The National Broadcasting Company's Silver Jubilee celebration on November 15, 1951, brings to mind another, even earlier, November day when the world's first scheduled broadcast was heard over KDKA, Pittsburgh, pioneer radio station. Presentation of this inaugural broadcast on November 2, 1920, came about as the result of several strange and seemingly unrelated circumstances.
It all began in 1915 with a Westinghouse engineer, Frank Conrad. Westinghouse had been experimenting with the vacuum tube while working on government contracts. To settle a five-dollar bet on the accuracy of his twelve-dollar watch, Conrad built a small receiver to hear time signals from the Naval Observatory at Arlington, Virginia. Fascinated by his new hobby, Conrad turned next to construction of a transmitter, licensed as 8XK, which he installed above his garage in the rear of his home. It is from this station that KDKA stems and with it, radio broadcasting as it is today.
By 1919, messages from 8XK were heard in widely separated locations -- messages discussing the kind of equipment being used and results obtained. Bored by this routine, Conrad, on October 17, 1919, placed his microphone before a phonograph and substituted music for the voice. The music saved Conrad's voice, but more -- it delighted and amazed "hams" all over the country.
Conrad continued to broadcast music on a two-a-week schedule and by late summer 1920, interest had become so general that the Joseph Home Co., a Pittsburgh department store, ran an ad in the Pittsburgh Sun offering "Amateur Wireless Sets for sale -- $10.00 and up."
To H. P. Davis, Westinghouse vice president, who had been an ardent follower of the Conrad ventures, the ad was an inspiration. If this was a fair example of popular reaction to Conrad's broadcasts, the real radio industry lay in the manufacture of home receivers, he reasoned, and in supplying radio programs which would make people want to own such receivers. Davis set about winning other Westinghouse officials to the same view, and so persuasive were his arguments that a station was authorized and election night selected for the grand opening.
The broadcast originated in a tiny, makeshift shack atop one of the Westinghouse buildings in East Pittsburgh. There was no studio. A single room accommodated transmitting equipment, turntable for records; and the first broadcast staff handled telephone lines to the Pittsburgh Post where arrangements had been made to secure election returns by telephone.
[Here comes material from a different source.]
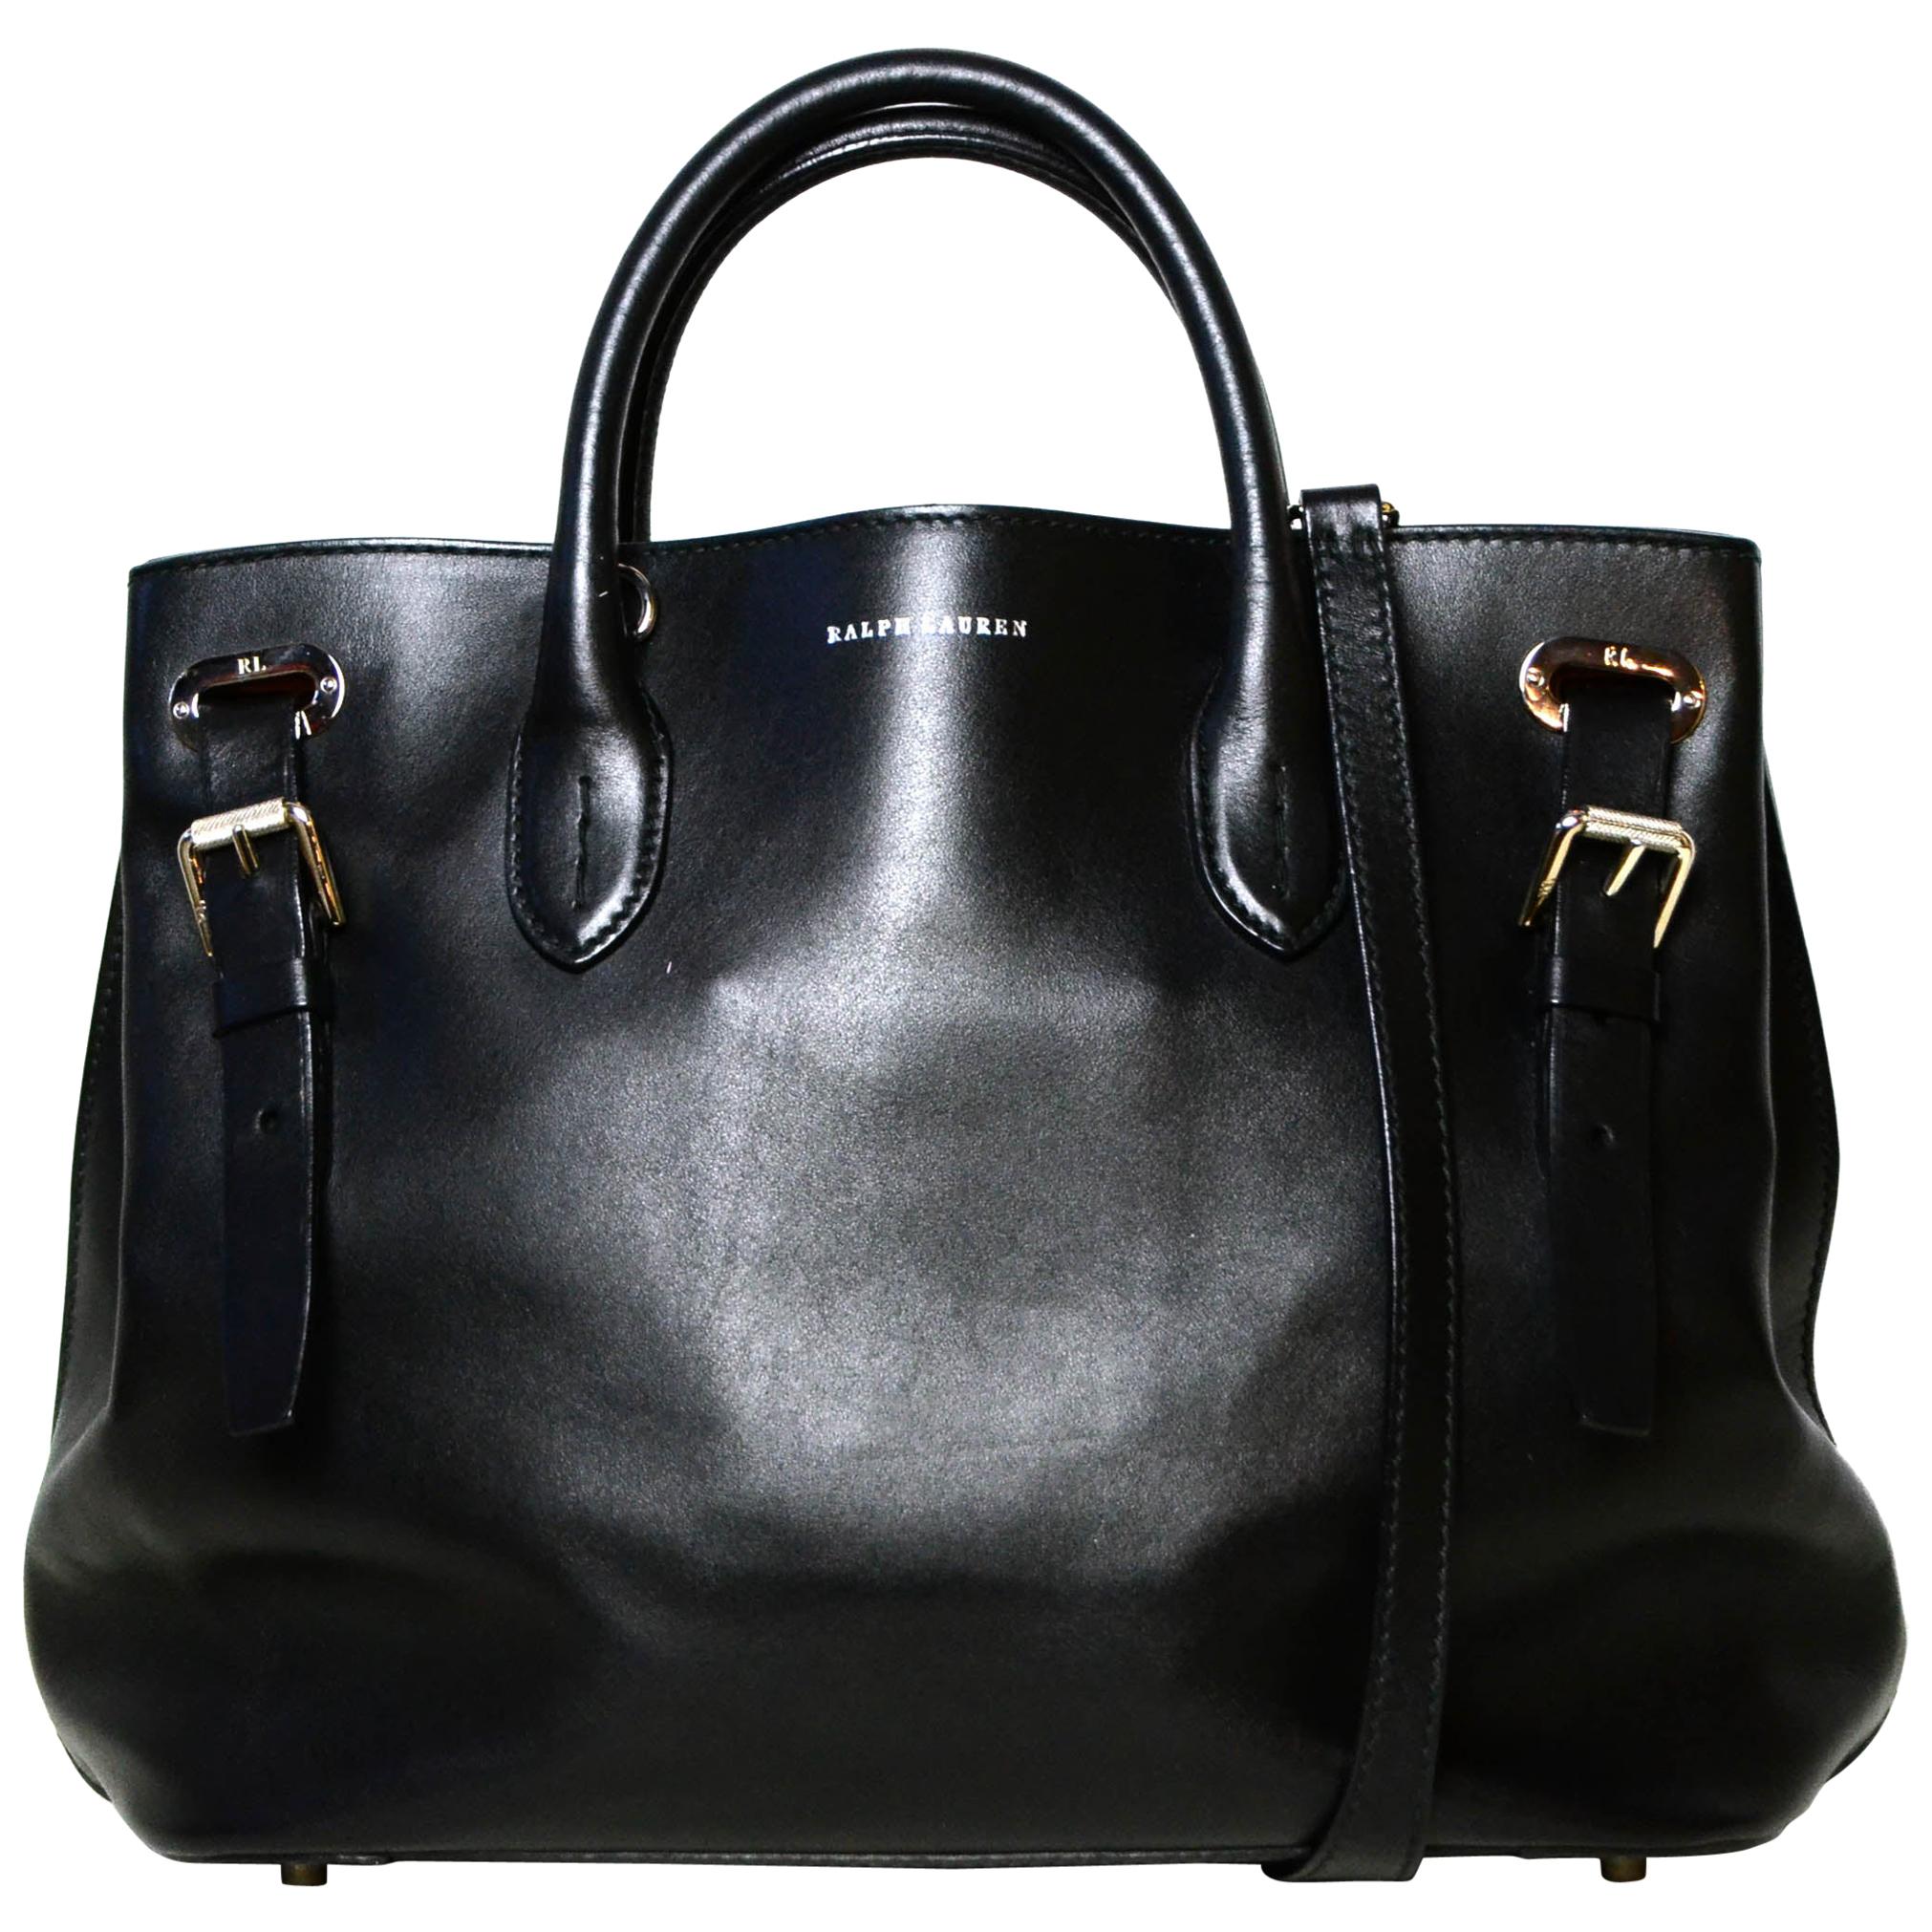 Ralph Lauren Black Leather Buckle Tote Bag W/ Strap

Broadcasting began at 8 o'clock election night and continued until noon of the following day, even though James Cox, hours earlier, had conceded the election to Warren Harding. Throughout the night, while the usual crowds stood in a driving rain before outdoor bulletin boards to see returns, a fortunate few, early-morning fans, equipped with crystal sets and earphones, were hearing the same returns in the comfort of their homes. In addition, between returns and occasional music, they heard this request over and over again: "Will anyone hearing this broadcast communicate with us, as we are anxious to know how far the broadcast is reaching and how it is being received." So KDKA was born.
Much of the early history of KDKA is actually the early history of radio. Many of its notable "firsts" are "firsts" of the industry as well. And these KDKA "firsts" have put the station in history books.